Adrián, molesto, preguntó:
—¿Por qué le permitiste abrir una granja de ese tipo? Cuando yo te hablé de eso, te enojaste.
Daniel, aún sonriente, respondió:
—No te enojes. ¿Crees que dejaré que ella abra ese tipo de granja?
Adrián, confundido, preguntó:
—¿Entonces por qué…?
—Dije eso únicamente para que se interesara en el negocio familiar. Con el tiempo, haré que cambie de opinión. Me hizo feliz saber que al fin se interesa en el negocio familiar.

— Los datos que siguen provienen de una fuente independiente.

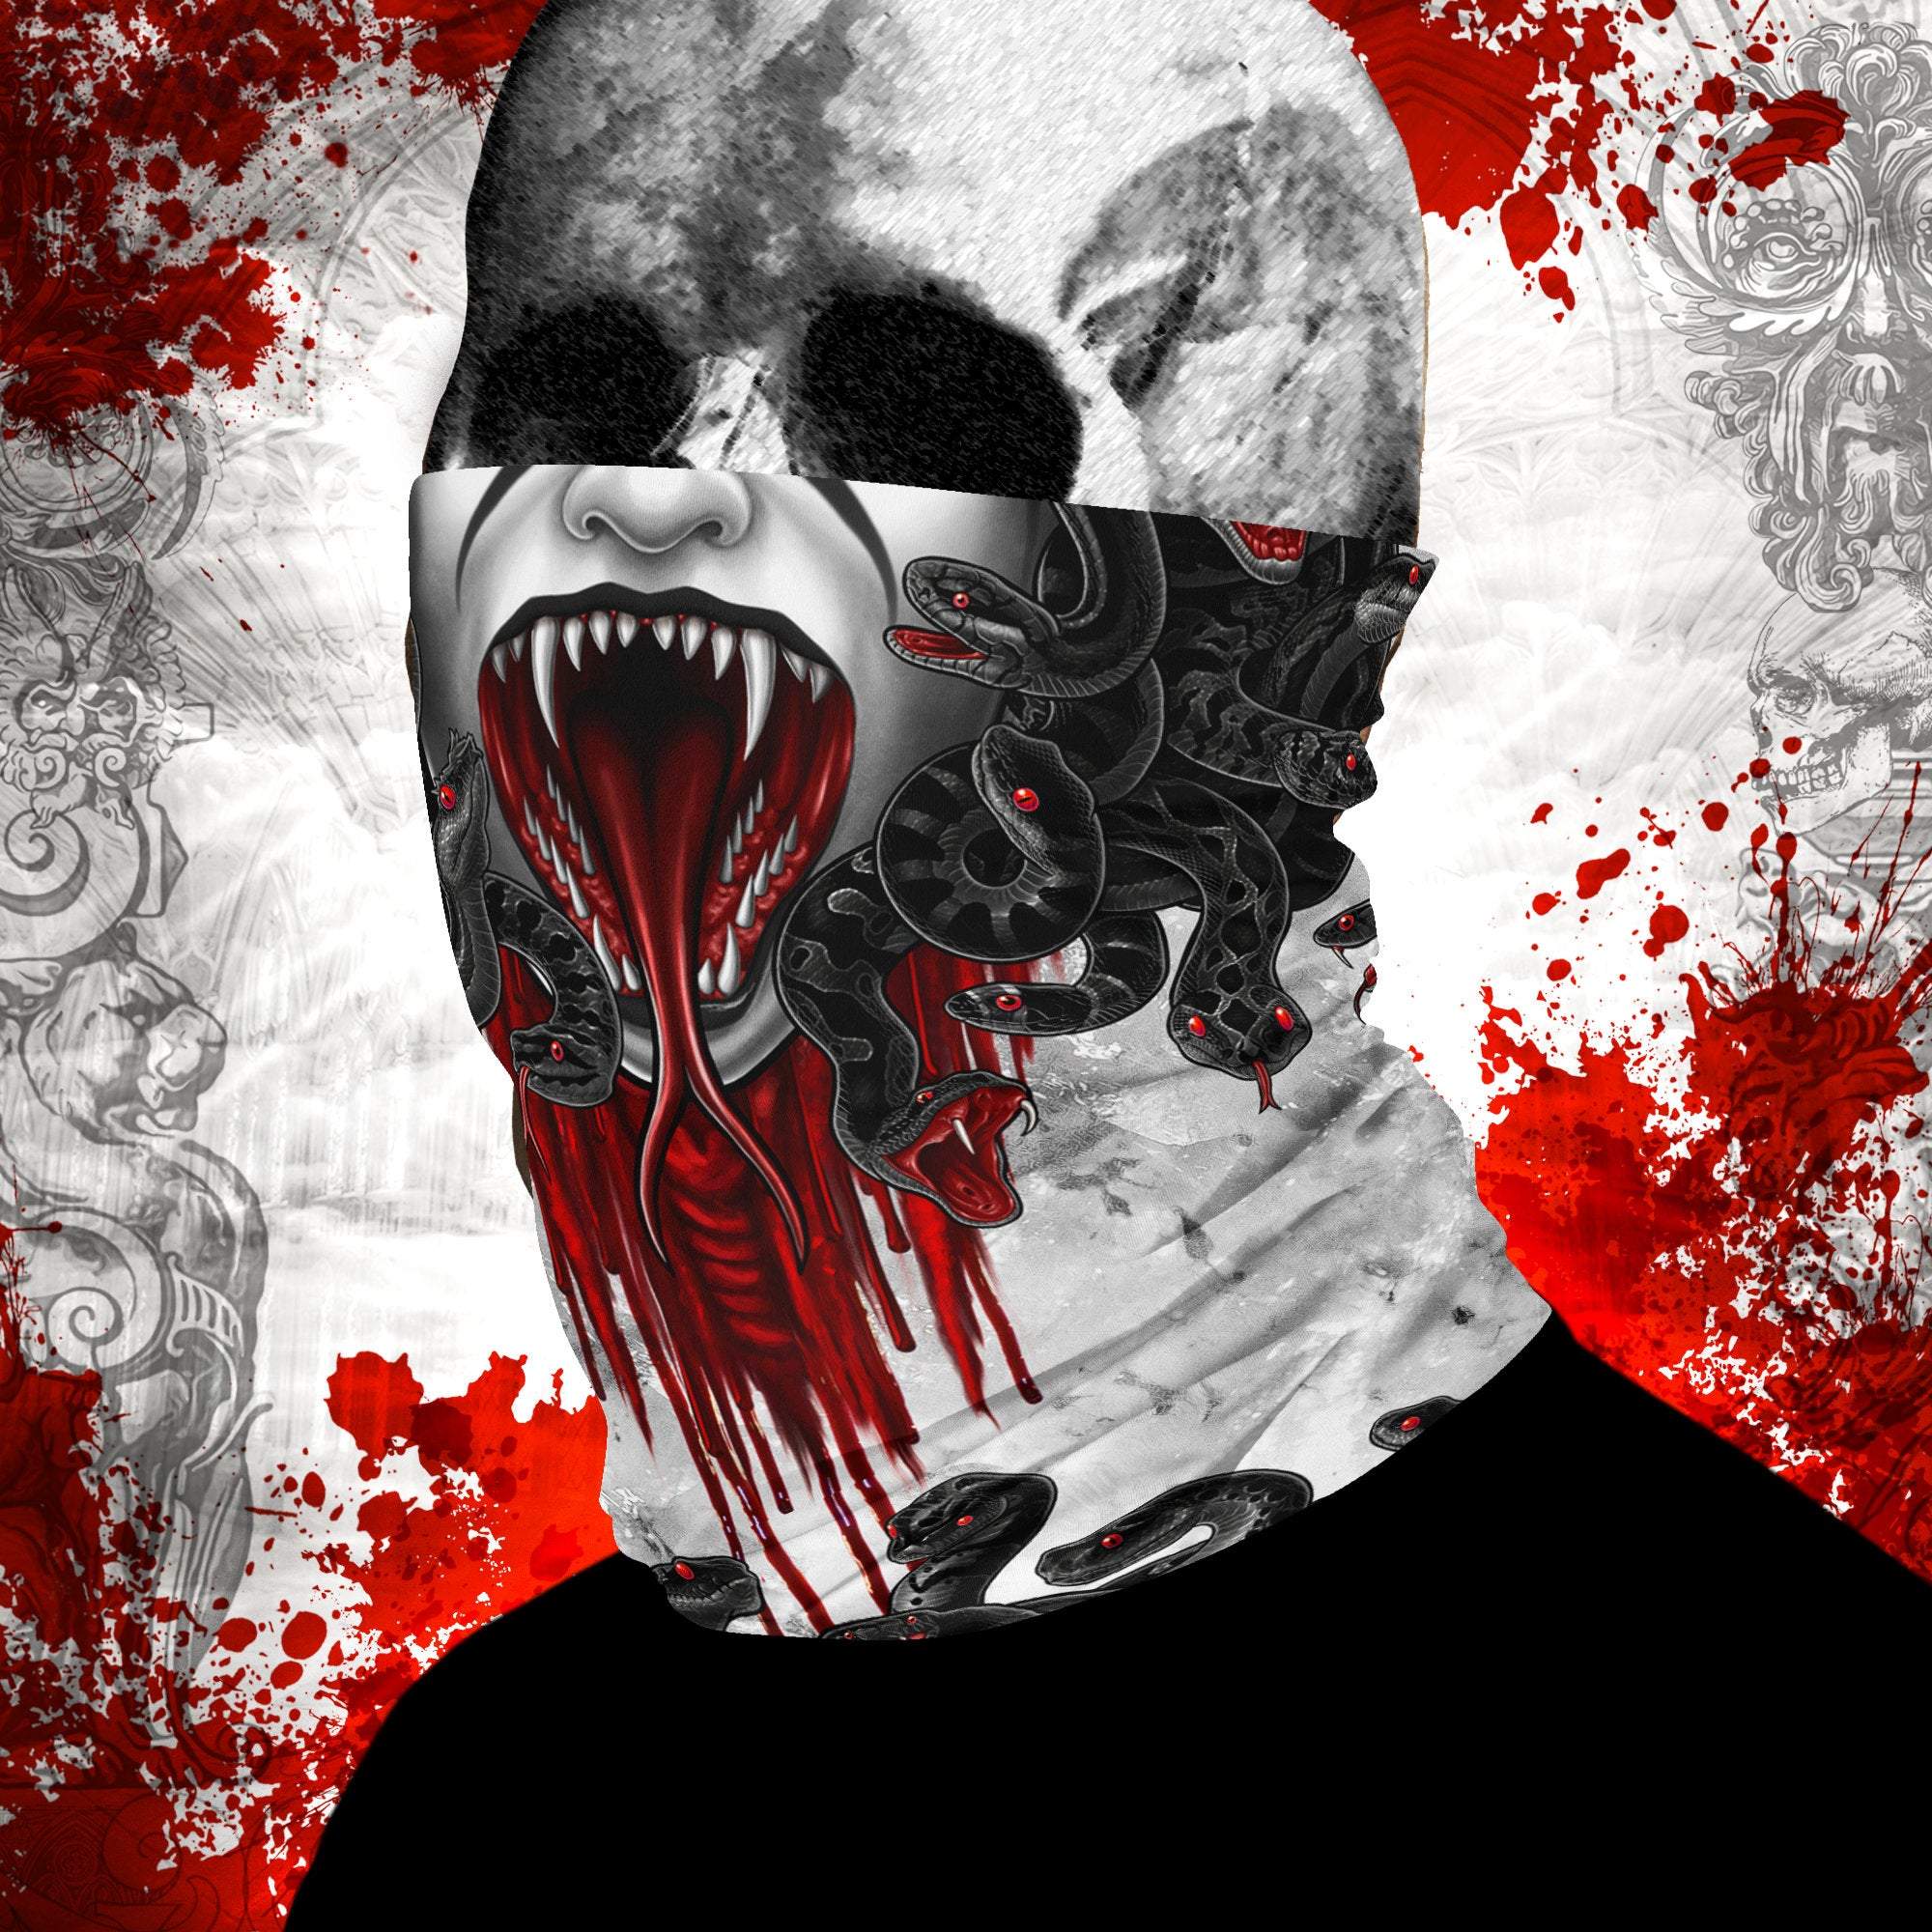 Medusa Neck Gaiter, Face Mask, Head Covering, Snakes Headband, White Goth, Skull Art - Black, 2 Face Options - Abysm Internal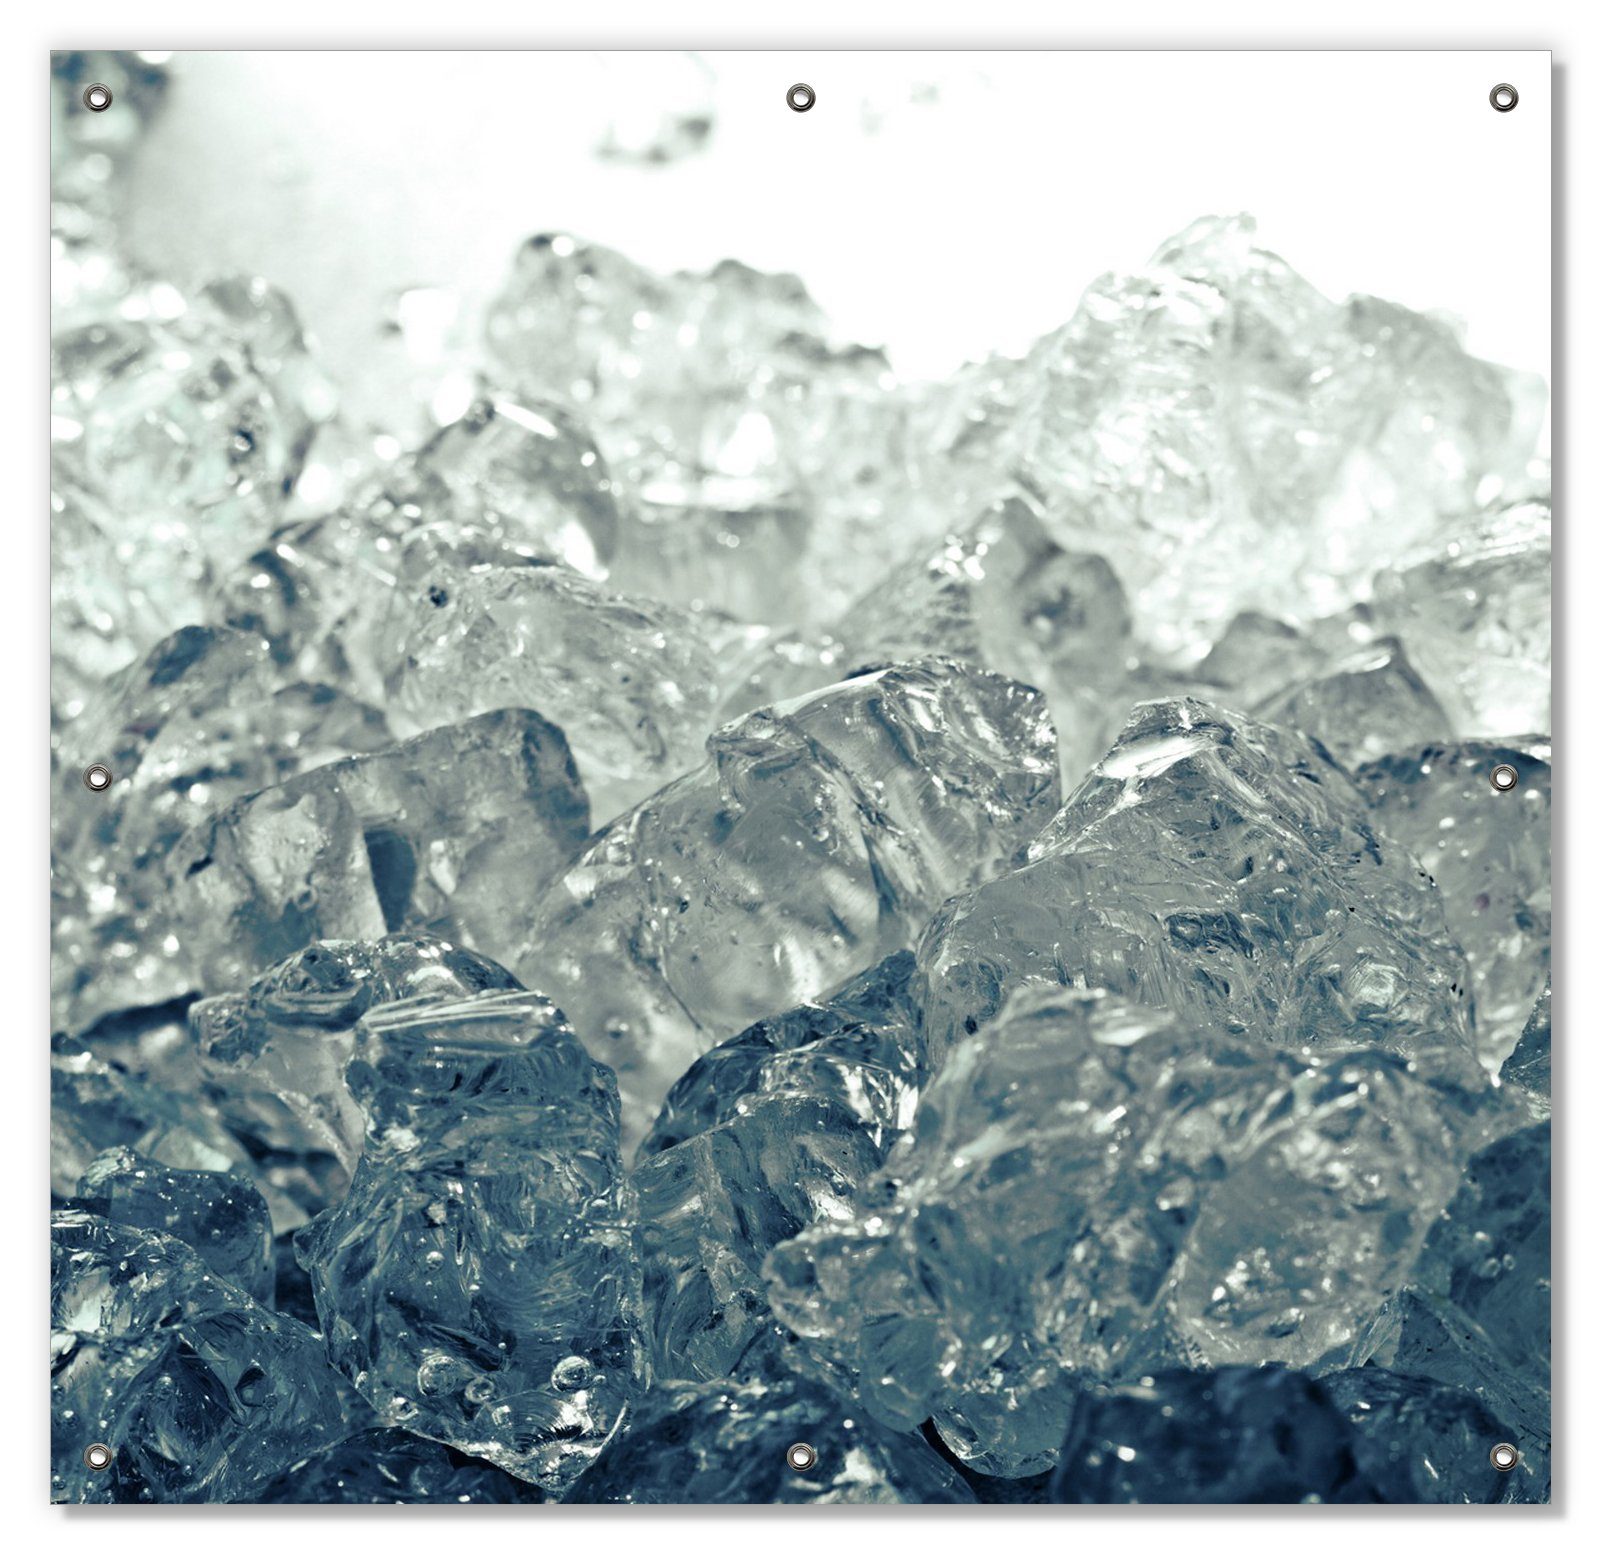 Sonnenschutz Leuchtendes mit und blau-grau, wiederablösbar Eis wiederverwendbar Wallario, in Saugnäpfen, blickdicht

—Por cierto, Adrián… mañana te presentaré a tu posible futura esposa.
—¿Esposa?
—Descuida. Solo se van a conocer. Es la hija de un gran productor de lácteos del otro país. —Después de hablar, acordamos que, para unir nuestras empresas y granjas, nuestros hijos deberían casarse.
—¿Y por qué yo? ¿Por qué no Mario? Tú mismo dijiste que tiene buen ojo y suerte. Además, él no tiene novia… a diferencia de mí.
Daniel se contuvo, pero respondió:
—Al menos ve a conocerla. Si no te interesa, se la presentaré a Mario. —Trátala bien y con respeto. Porque sí o sí, uno de ustedes debe casarse para unir ambas empresas. —Si no la ves como esposa, mírala como una futura socia… o como parte de la familia.
—Está bien. No te preocupes —dijo Adrián, resignado.
Mientras tanto, Angélica intentaba ver cómo estaba su hijo Mario. Pero al llegar a su cuarto, notó que estaba cerrado con llave. Lo llamó varias veces, pero él no respondió. Se fue, molesta y preocupada.